All that glitters… is in the nonprofit sphere.

According to the team at Denham Wolf, nonprofits previously found a home along Seventh Avenue, in the high 20s and low 30s, but they have since been priced out and have moved to Eighth Avenue, which is now teeming with nonprofits.

“It depends on the client,” said Wolf. “If they want a fancier building they tend to go to lower Manhattan, but we definitely still do a lot of deals in the Garment Center as well. We’ve also worked on a ton of program-intensive site searches, so that’s everything from health to education centers, which are usually tied to specific neighborhoods throughout the five boroughs.”

Denham Wolf itself is located on Eighth Avenue, in a building in which it has negotiated 150,000 square feet of nonprofit space, allowing for more facetime and connection between the firm and the nonprofit community. Because, ultimately, for the team at Denham Wolf, passion and pride is at the epicenter of all that the firm does.

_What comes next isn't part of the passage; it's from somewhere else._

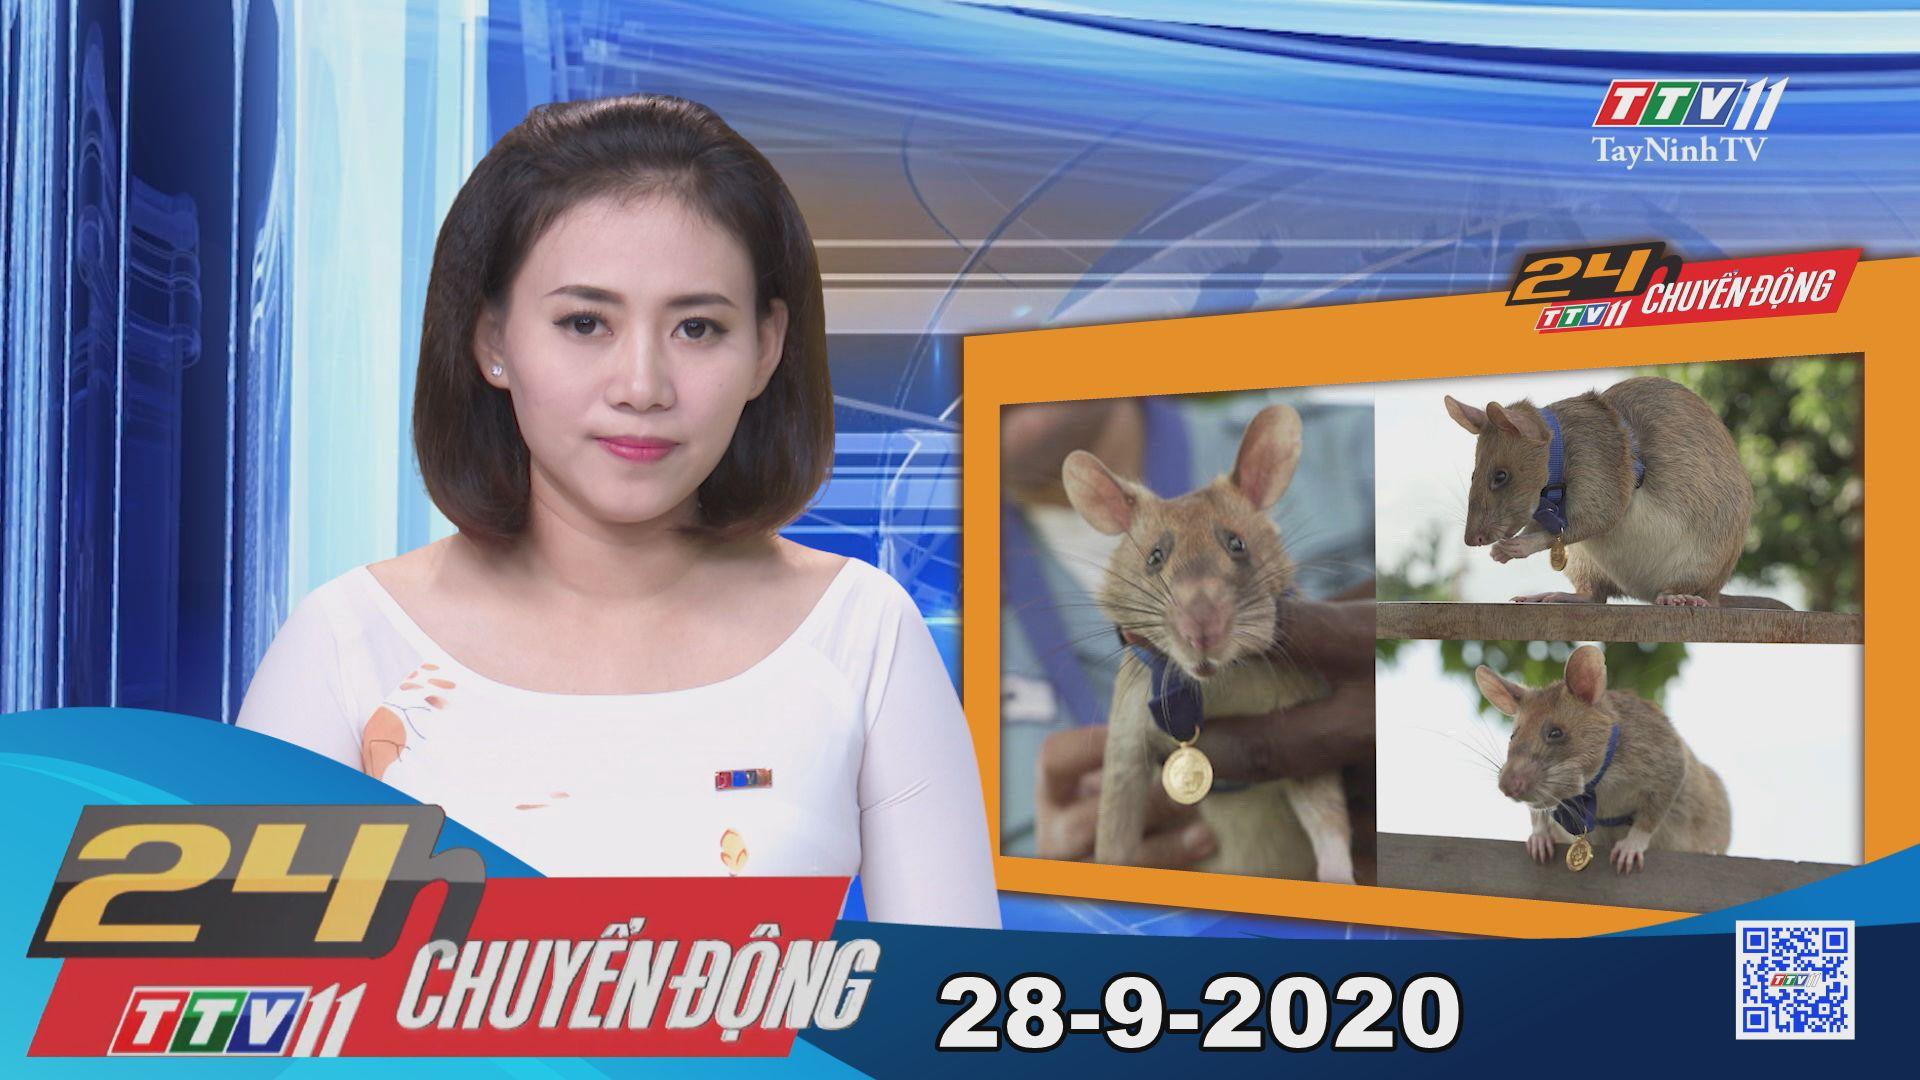 24h Chuyển động 28-9-2020 | Tin tức hôm nay | TayNinhTV
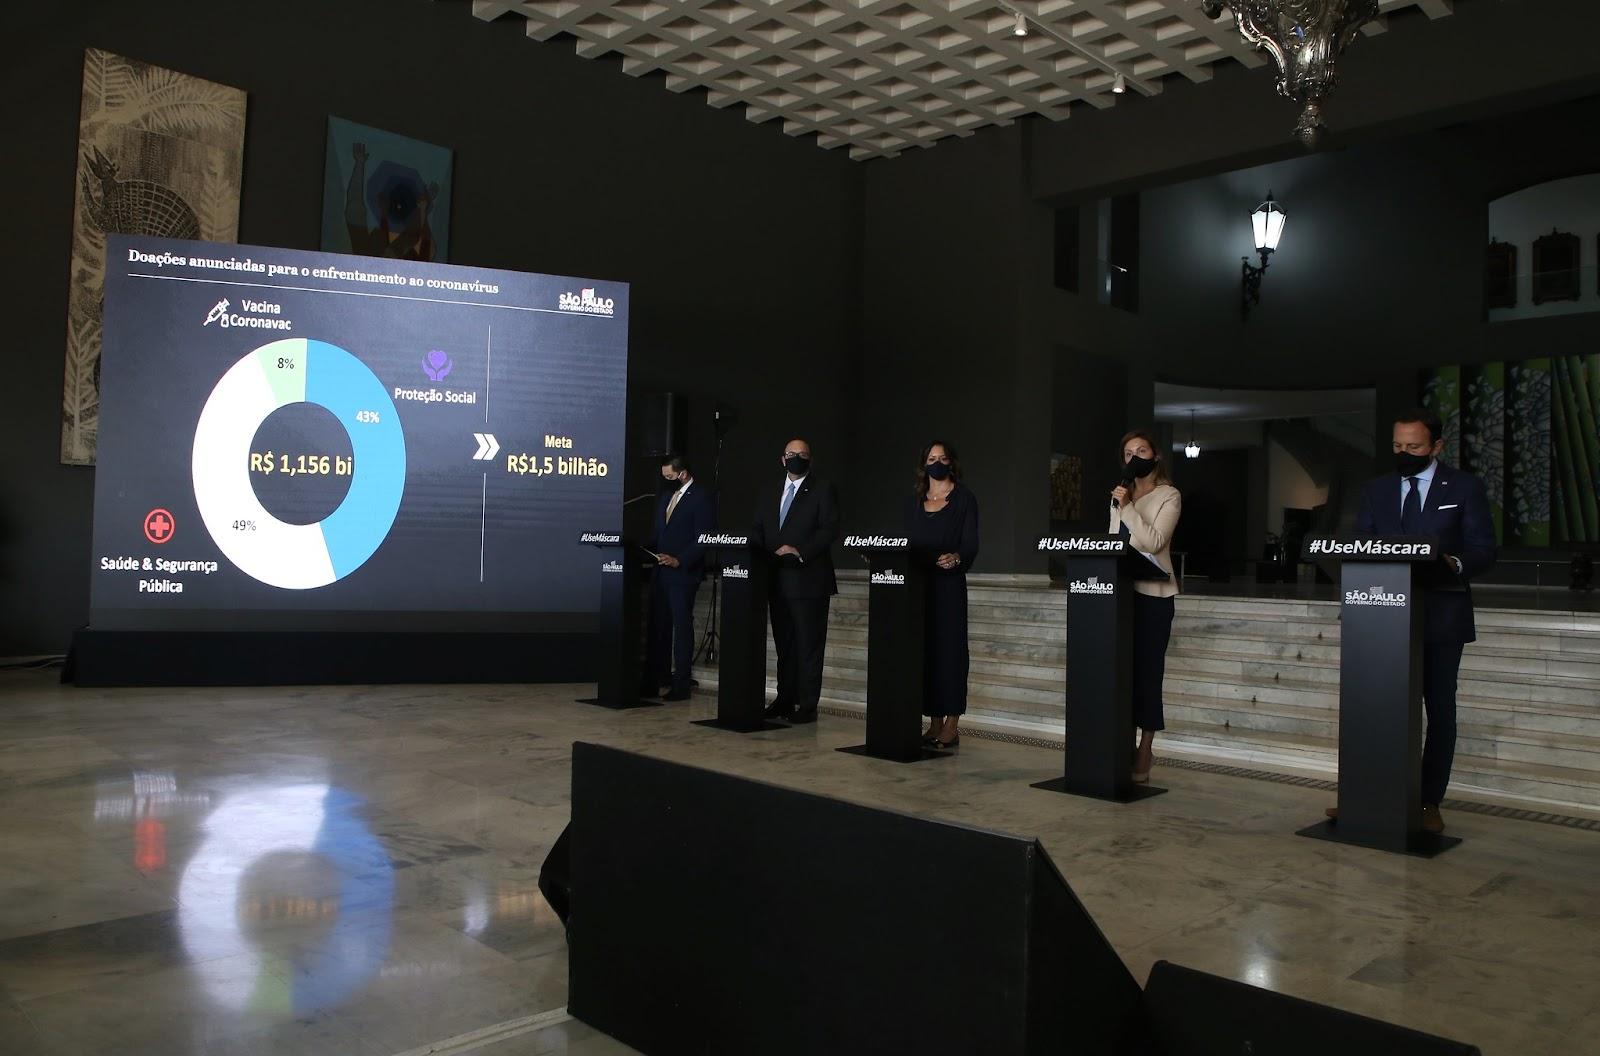 Valores de doações foram divulgadas pelo Governo de São Paulo em coletiva de imprensa. (Fonte: Governo de SP/Divulgação)

“I am tremendously proud of this organization,” said Wolf. “Before we founded Denham Wolf we spent a great deal of time interviewing nonprofits—and many were upset because they were perceived as not having any money, and landlords weren’t treating them well. We’ve established a whole new environment in commercial real estate, one where people see nonprofits as creating value.”

And this culture of value is especially important in New York City, where the nonprofit sphere plays a major role. Denham Wolf sees itself as participating in the improvement of the city and contributing to its overall health, and it does so with an unparalleled team of experts that genuinely care about their craft.

“I feel honored to be in this space and fortunate that it’s been such a good run, and that we’ve been able to bring so much to this city,” concluded Wolf. “We do phenomenal work for these organizations, and we consistently go above and beyond. I’m proud of that. I’m proud of what we’ve accomplished in 21 years, and what we will continue to accomplish in the future.”

And that’s a mission you can count on.